I’m Illana Burk, CEO of Your Life’s Workshop, coach to entrepreneurs and solopreneurs across dozens of industries and host of Good Business. With nearly 20 years experience helping hundreds of clients create profitable, ethically driven and sustainable businesses based on their life’s work, I’m here to teach you how to do great work, make great money, and make a positive impact without feeling like you need a shower afterwards.
Hi everybody, and welcome to another episode of The Good Business podcast. I am your host, Illana Burk. Today’s episode is all about how to get things right from the start. See, I have worked with a lot and seen a lot of beginners at business. I have seen the hustlers who keep doing everything they can think of until something works. I’ve seen the naturals who have an almost sixth sense for marketing and strategy. I’ve seen the babes in the woods who are so overwhelmed that they can barely move and everything in between. By far, the most common type of beginner is the one who inadvertently shoots themselves in the foot over and over again until they are 100% certain that everyone hates them, and they can’t do anything right. Instead of learning how to do things right, they complain about it on the internet to the very people they need to respect and support them to progress and move on.

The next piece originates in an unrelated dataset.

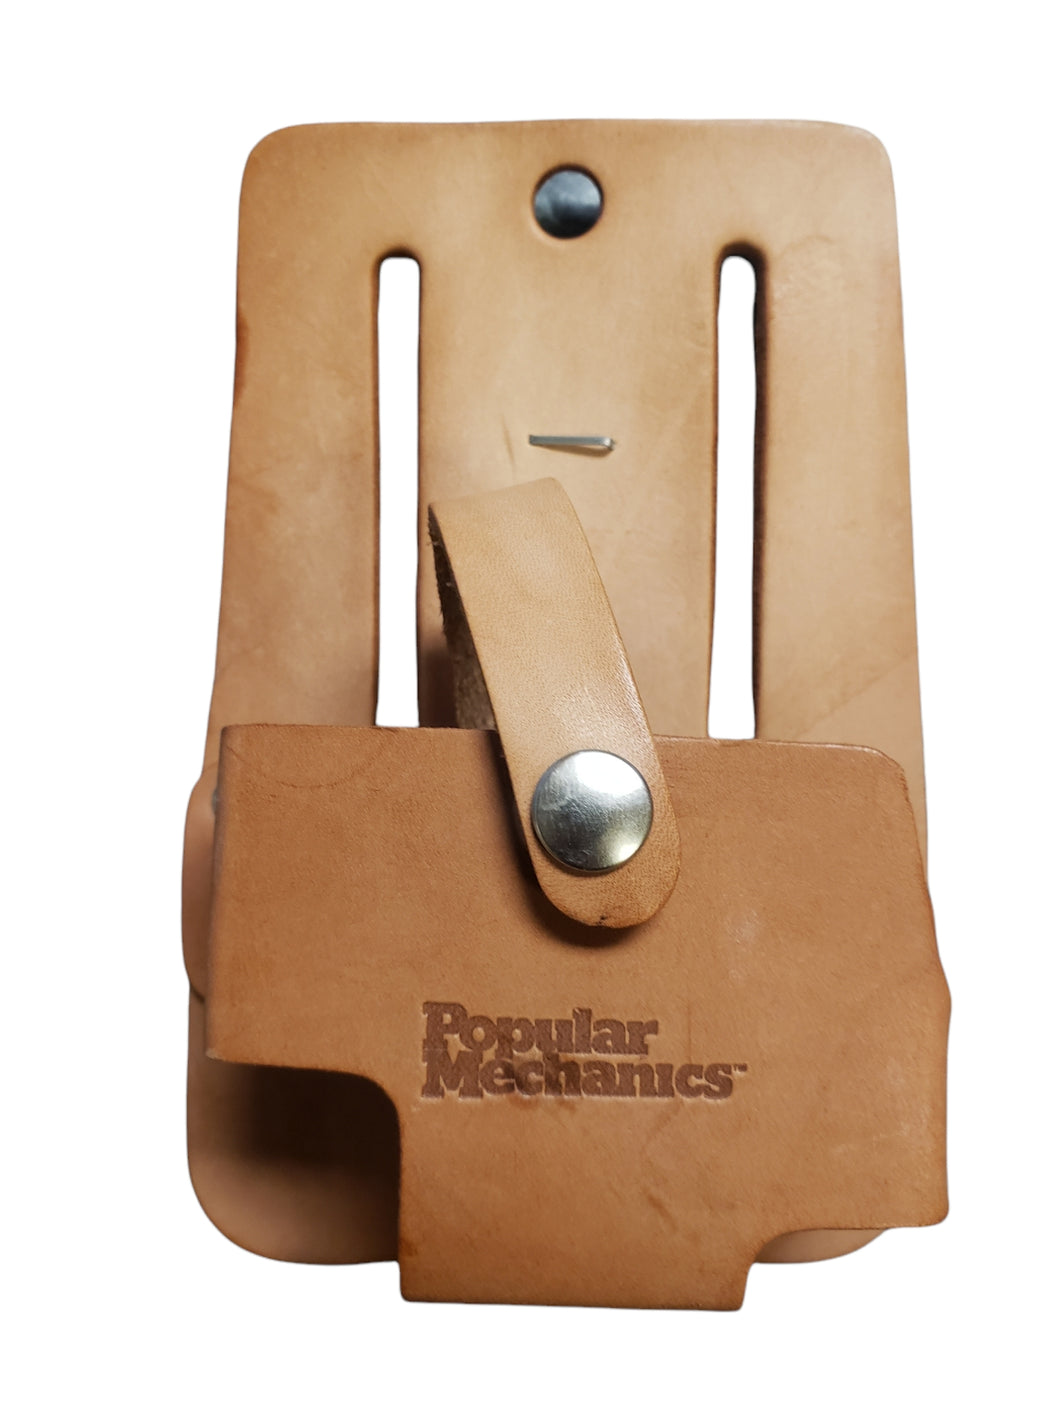 Popular Mechanics - Genuine Leather Tool Holder - FreemanLiquidators - [product_description]

So today, I’m going to break down the one very, very common mistake that newbies and non-newbies make and how to fix it. Today, we talk about how to ask for help and guidance in a way that doesn’t completely fuck up your chances of actually getting what you need, which is respect.
First, let’s get crystal clear on what I’m talking about. I’m in a group of successful people, people who make millions of dollars, who get national TV — really successful people. Now obviously, not all of us are in that category, but we all have achieved a high level of business stability in one way or another and are all mostly pros. It’s a pretty cool group. Now, it’s not a business group; it’s a mom’s group. We’re all on this funny, level playing field because we all have young kids. We do have a handful of folks in the group that are newer than the rest of us and who we [more established moms] genuinely try to guide and lift however we can. They [the newer-to-business people] have a backdoor seat to something pretty special.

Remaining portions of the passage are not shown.